It is a common requirement to make a list a tuple and vice versa.
A common practice is to use the built-in functions list
and tuple
.
l = [0, 1, 2]
t = tuple(l)
print(t)
(0, 1, 2)
However, if the list is nested, it will only tuple the shallowest hierarchy.
l = [[0, 1, 2], [3, 4, 5, 6, 7], 8, 9]
t = tuple(l)
print(t) # ((0, 1, 2), (3, 4, 5, 6, 7), 8, 9)I want you to be
([0, 1, 2], [3, 4, 5, 6, 7], 8, 9)
It's sharp.
Let's make a tuple of all layers while calling recursively.
def list_to_tuple(l):
return tuple(list_to_tuple(e) if isinstance(e, list) else e for e in l)
l = [[0, 1, 2], [3, 4, 5, 6, 7], 8, 9]
t = list_to_tuple(l)
print(t)
((0, 1, 2), (3, 4, 5, 6, 7), 8, 9)
I did it.
Actually, this article is [here](https://blog.ttk1.net/2016/05/20/python%E3%81%A7%E5%85%A5%E3%82%8C%E5%AD%90% E6% A7% 8B% E9% 80% A0% E3% 81% AElist% E3% 82% 92tuple% E3% 81% AB% E5% A4% 89% E6% 8F% 9B% E3% 81% 97% E3% 81% 9F% E3% 81% 84 /) It is a pakuri. ~~ Are you not embarrassed ~~
The difference is that the part that used the for statement and the assignment operator over there is now included.
For for statements that repeat honestly, the inclusion notation calls a dedicated process, which shortens the execution time (Reference).

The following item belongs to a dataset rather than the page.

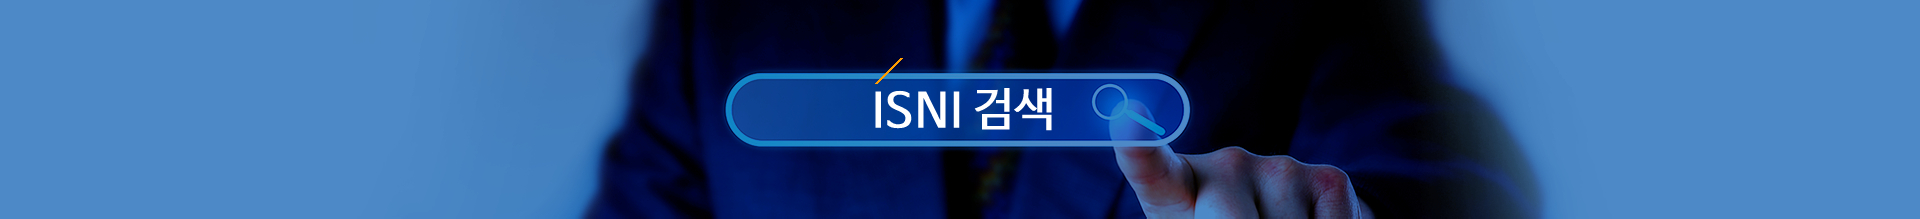 ISNI公司

def list_to_tuple_orig(_list):
t = ()
for e in _list:
if isinstance(e,list):
t += (list_to_tuple(e),)
else:
t += (e,)
return t
l = list(range(10000))
%timeit t = list_to_tuple_orig(l)
%timeit t = list_to_tuple(l)
%timeit t = tuple(l)
92.7 ms ± 576 µs per loop (mean ± std. dev. of 7 runs, 10 loops each)
877 µs ± 3.31 µs per loop (mean ± std. dev. of 7 runs, 1000 loops each)
19.6 µs ± 47.3 ns per loop (mean ± std. dev. of 7 runs, 100000 loops each)
It's about 100 times faster. It's a big defeat for built-in functions.